**Given information**

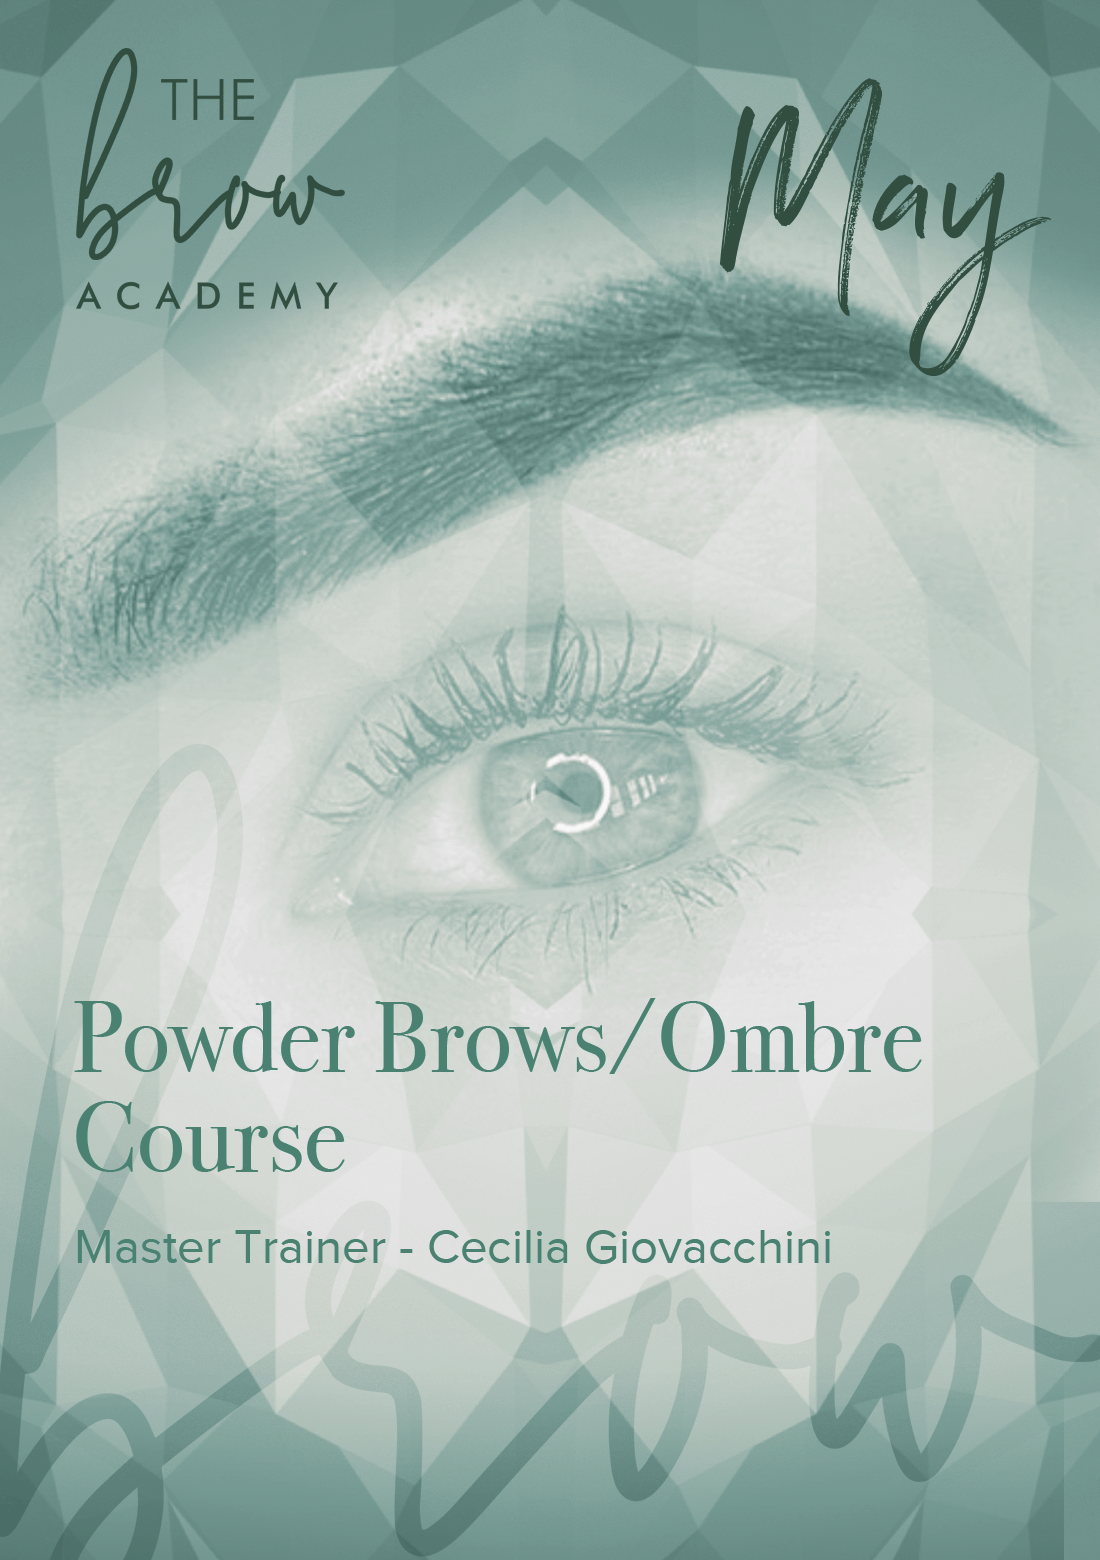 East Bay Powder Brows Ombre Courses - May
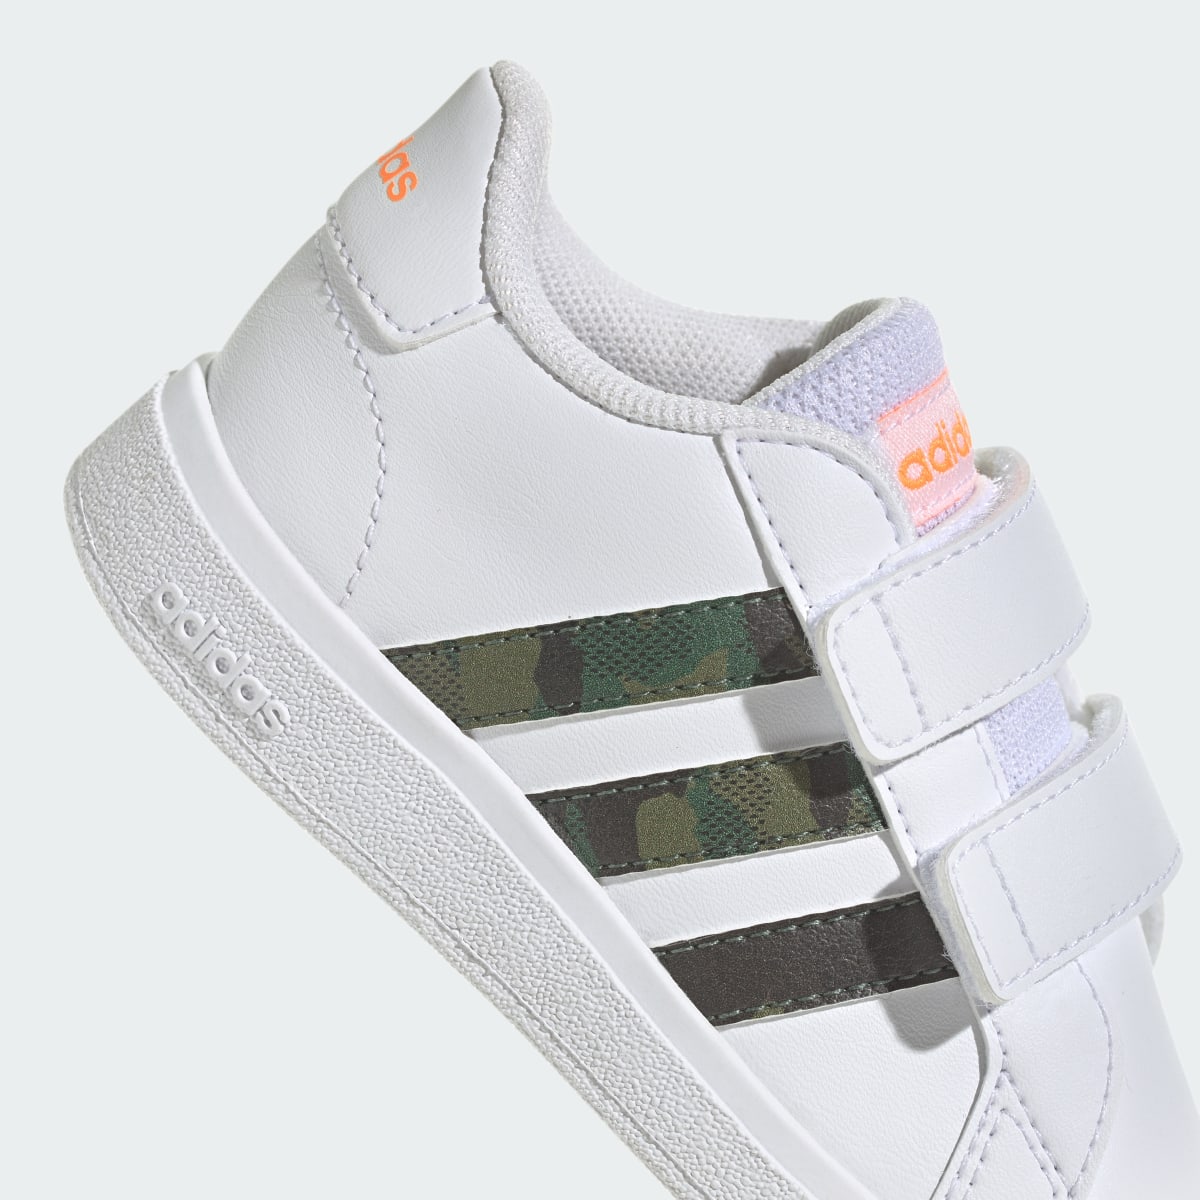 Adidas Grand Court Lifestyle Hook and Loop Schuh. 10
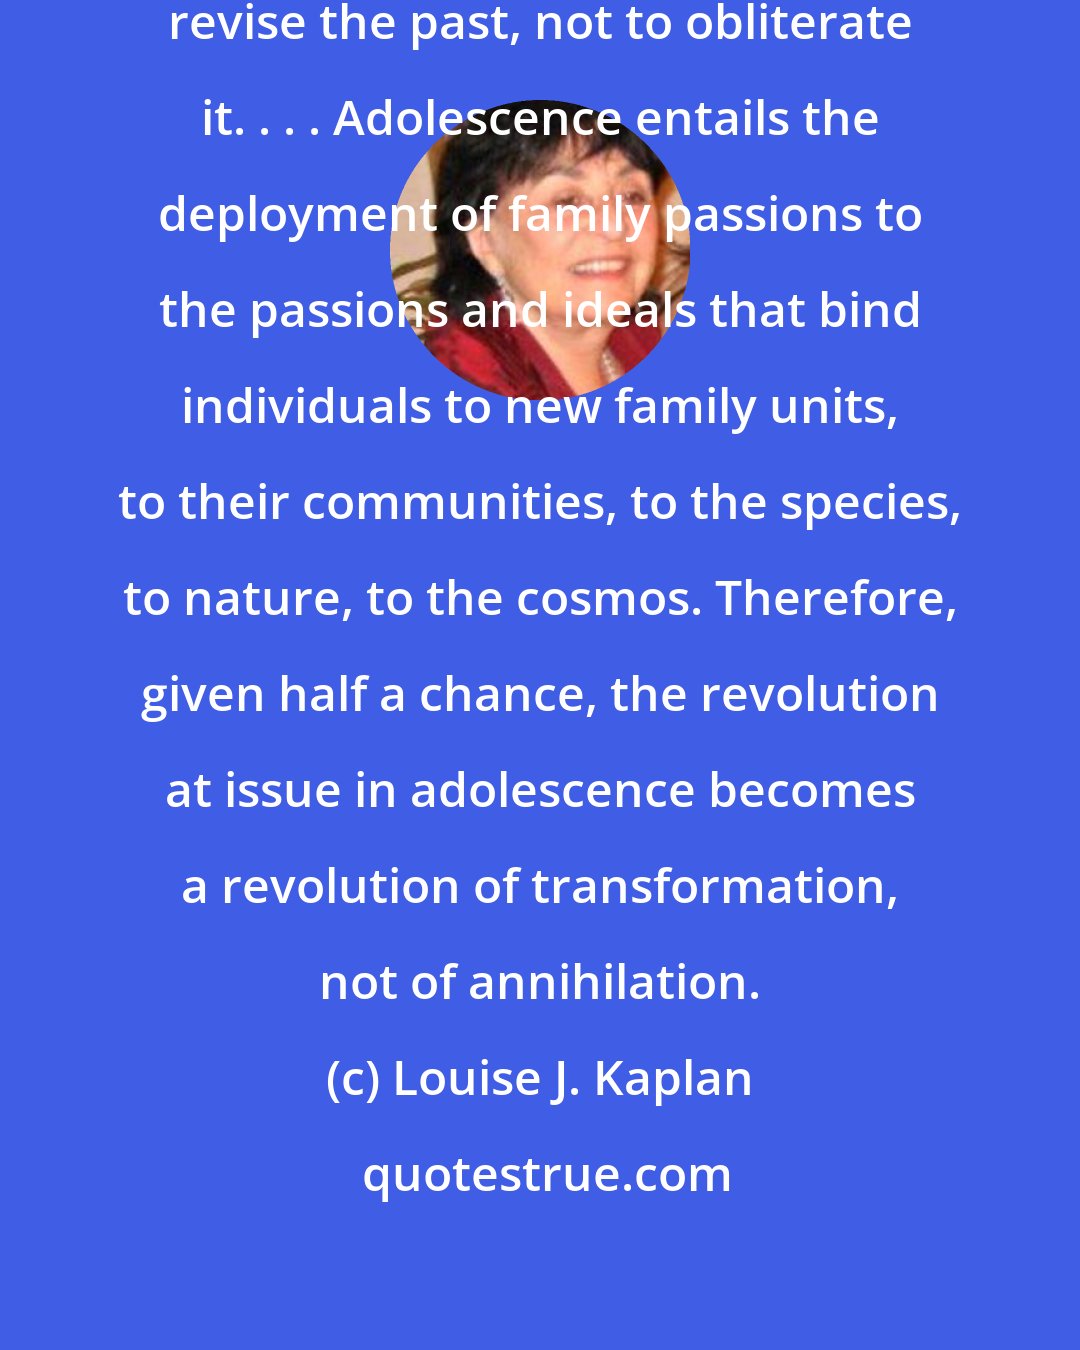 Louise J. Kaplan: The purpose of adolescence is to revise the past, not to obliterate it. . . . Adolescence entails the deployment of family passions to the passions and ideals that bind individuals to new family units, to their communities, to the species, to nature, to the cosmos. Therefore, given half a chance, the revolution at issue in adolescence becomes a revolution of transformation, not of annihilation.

**What to work on**
Every line of the material must be repeated exactly; pictures stay out.

**Exercise answer**
 East Bay Powder Brows Ombre Courses - May
 Adidas Grand Court Lifestyle Hook and Loop Schuh. 10
 Louise J. Kaplan: The purpose of adolescence is to revise the past, not to obliterate it. . . . Adolescence entails the deployment of family passions to the passions and ideals that bind individuals to new family units, to their communities, to the species, to nature, to the cosmos. Therefore, given half a chance, the revolution at issue in adolescence becomes a revolution of transformation, not of annihilation.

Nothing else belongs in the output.